Nissan Leafs Have Problems Starting... And Not Just Because The Electricity's Drained

Well, this isn't good news for Nissan. After getting off to a rather sluggish start in terms of sales, the Leaf, Nissan's much-hyped electric vehicle, has been experiencing problems with starting. Those few customers who have bought the Leaf have reported that it sometimes fails to start. Nissan announced that it is launching an official probe into the matter.

Nissan says that the problem is limited to a select number of Leaf models and that it is caused by a sensor in the air conditioning unit. Models in both the U.S. and Japan have experienced problems.

The company explained in a statement: "Nissan has recently become aware of an issue on a small number of Nissan Leafs with a sensor in the air-conditioning system. If this sensor is activated, it will illuminate a warning light on the instrument panel and may cause the vehicle to not restart once it has been turned off. We are actively investigating to determine the root cause and what action is necessary to address the issue."

Nissan says that the Leaf's engine will not shut down during driving and the problem, therefore, does not pose a safety hazard. No problems, unless, of course, you're relying on your Nissan Leaf to escape an armed stalker or herd of wild animals.

The issue is not an ideal situation in terms of the Leaf's public image. The Leaf, which launched late last year at roughly the same time as the Chevy Volt, already suffers from range anxiety—the feeling that an electric car that promises only 100 miles of driving per charge could leave you stranded.
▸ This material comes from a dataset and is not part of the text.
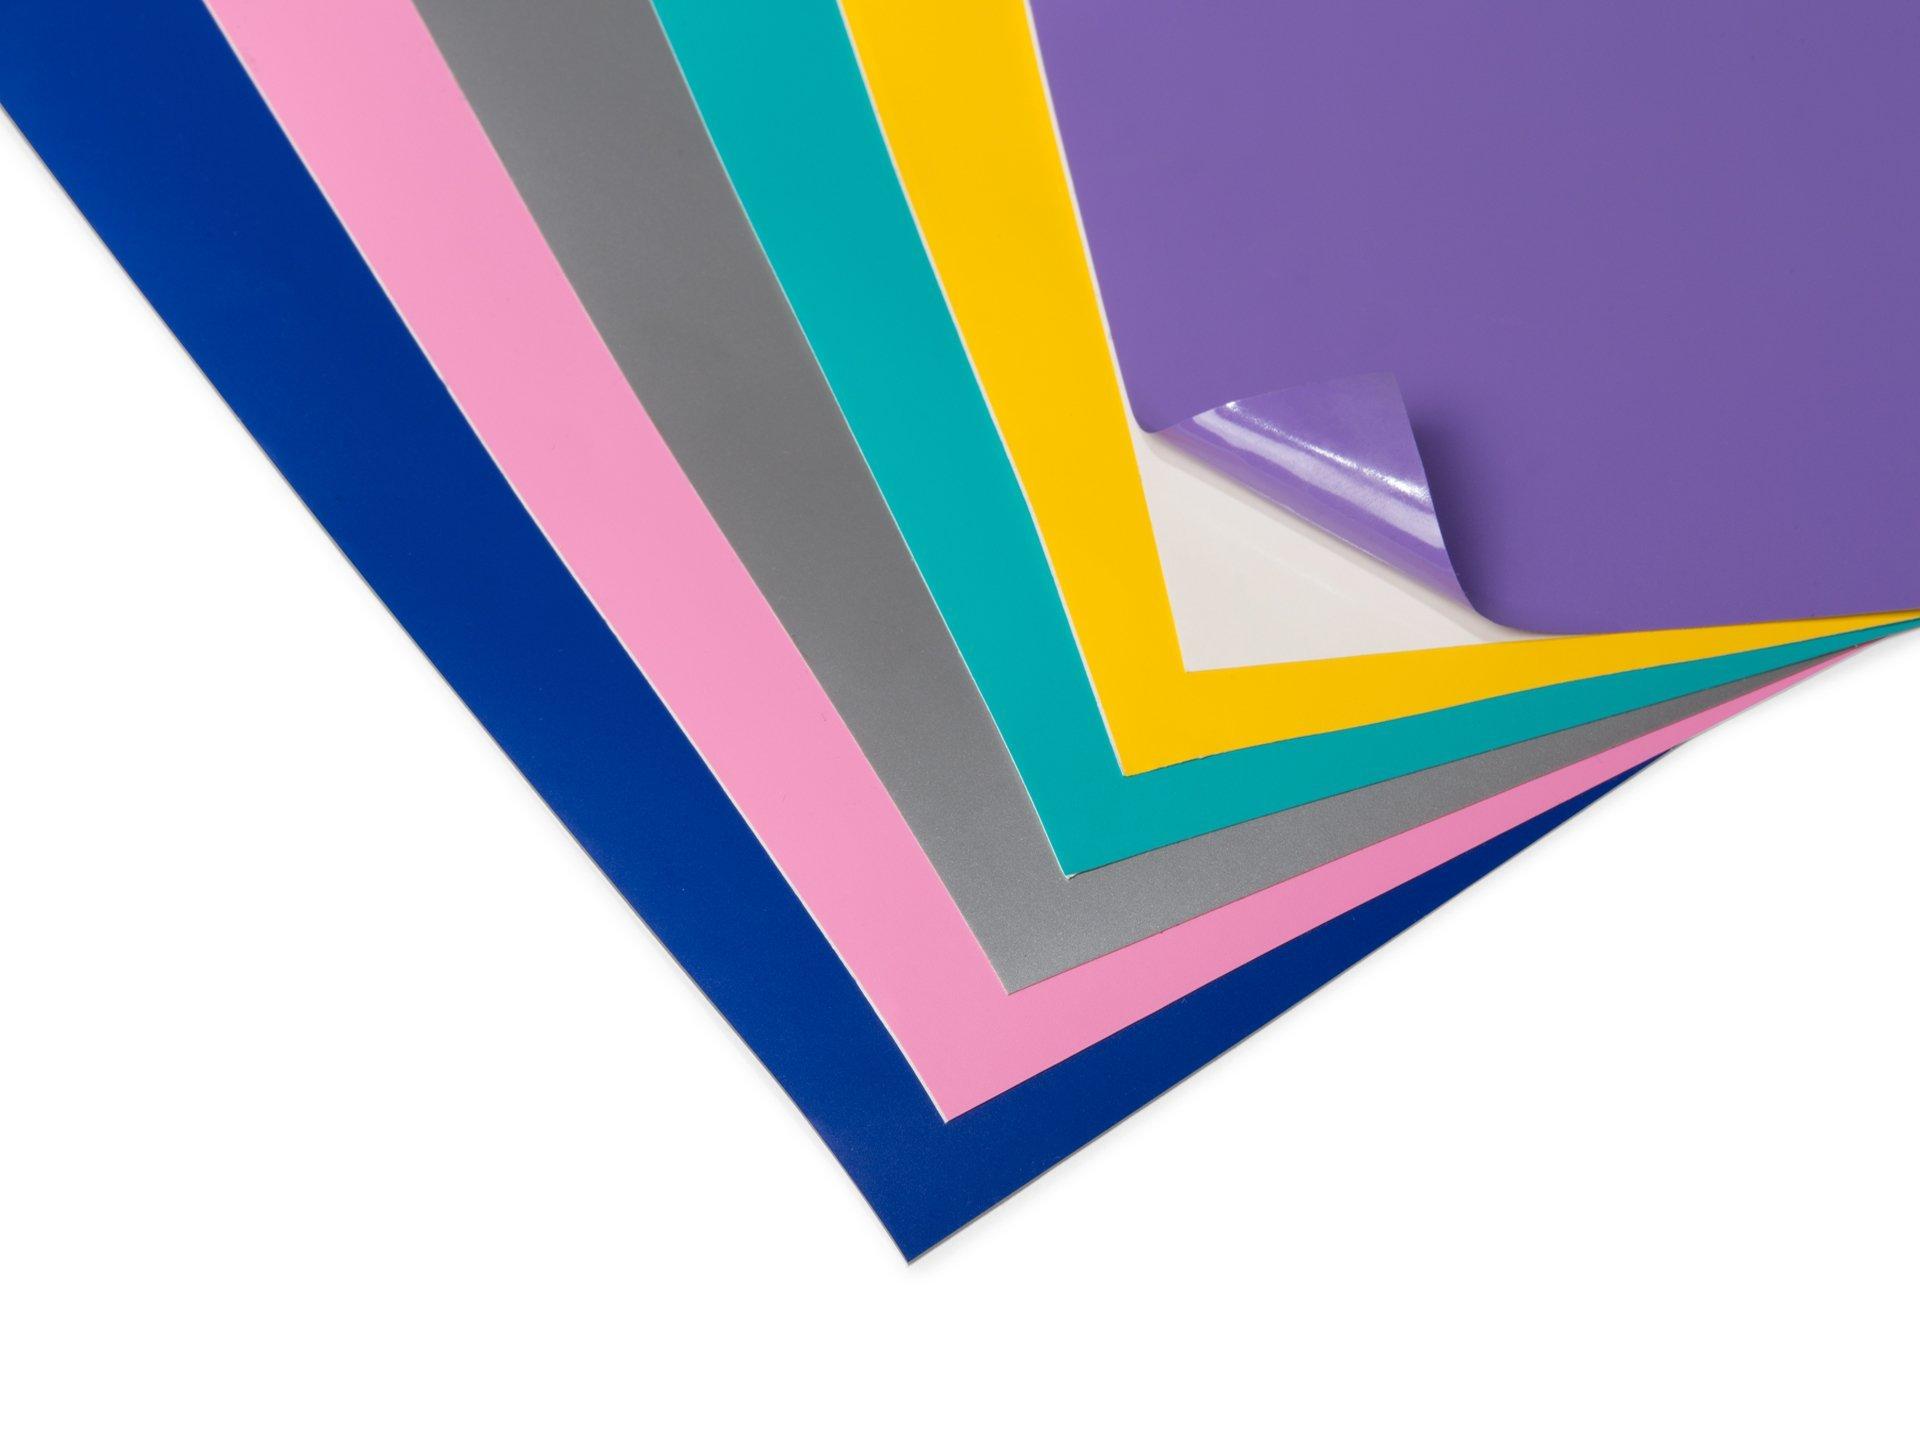 Oracal 631 farbklebefolie opak matt kaufen modulor for Farbige klebefolien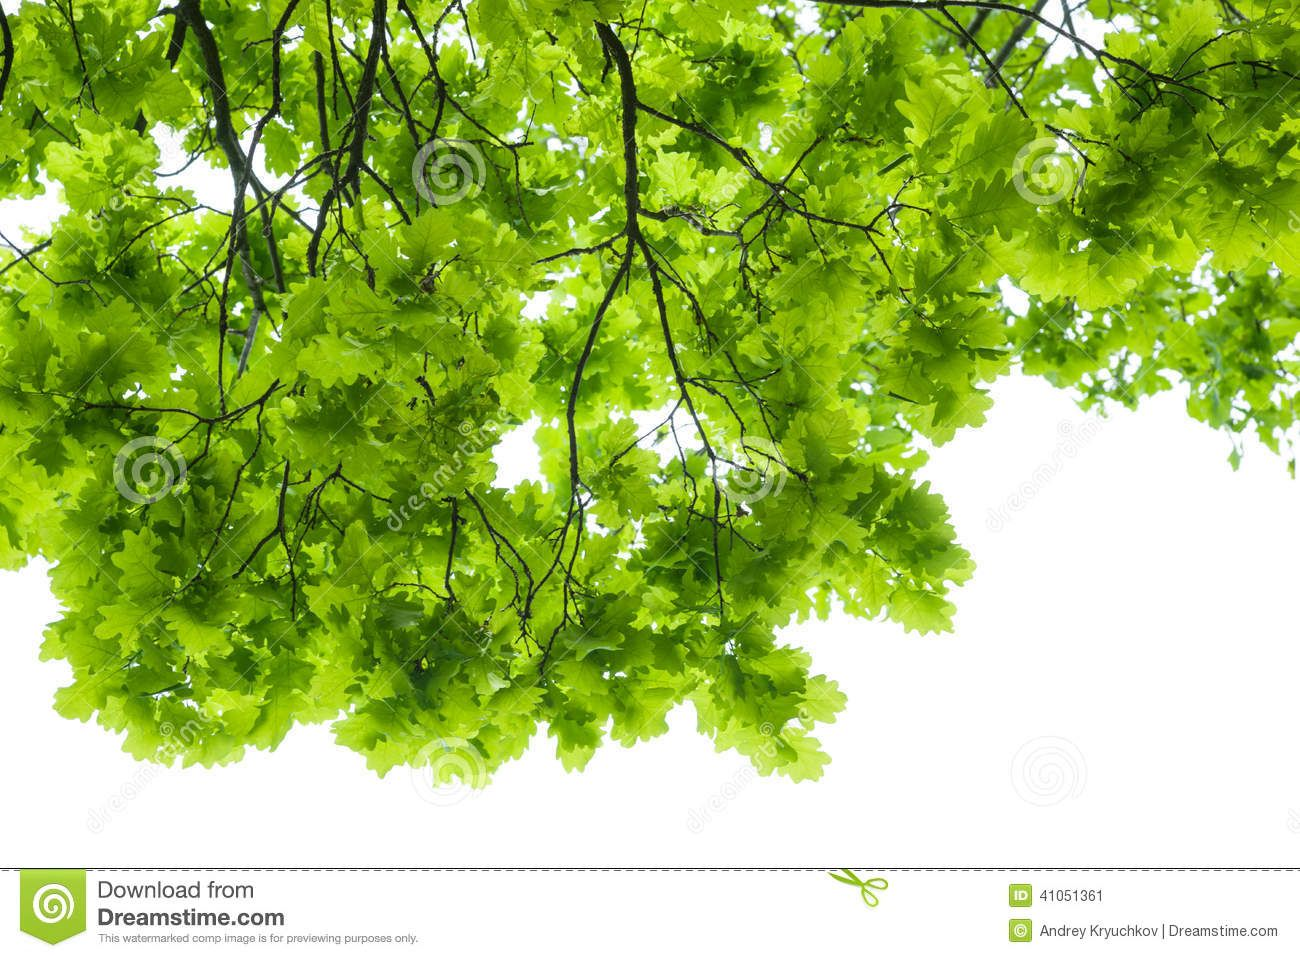 thumbs.dreamstime.com z oak-tree-leaves-isolated-white-41051361.jpg

With this new problem relating to the engine starting, the Leaf could leave you stranded even when it's fully charged.

After taking 20,000 reservations for the Leaf last year and having a positive media campaign focused on the car's efficiency and the fact that it was the first mass-produced EV, Nissan Leaf sales have been slow. The company previously indicated that it is unlikely to sell all 20,000 models this year, and that only about 40 percent of reservees have been following through with buying the Leaf. Estimates put the number of Leafs sold in the U.S. through March at around 450; about half of the 928 Volts Chevy had sold through February.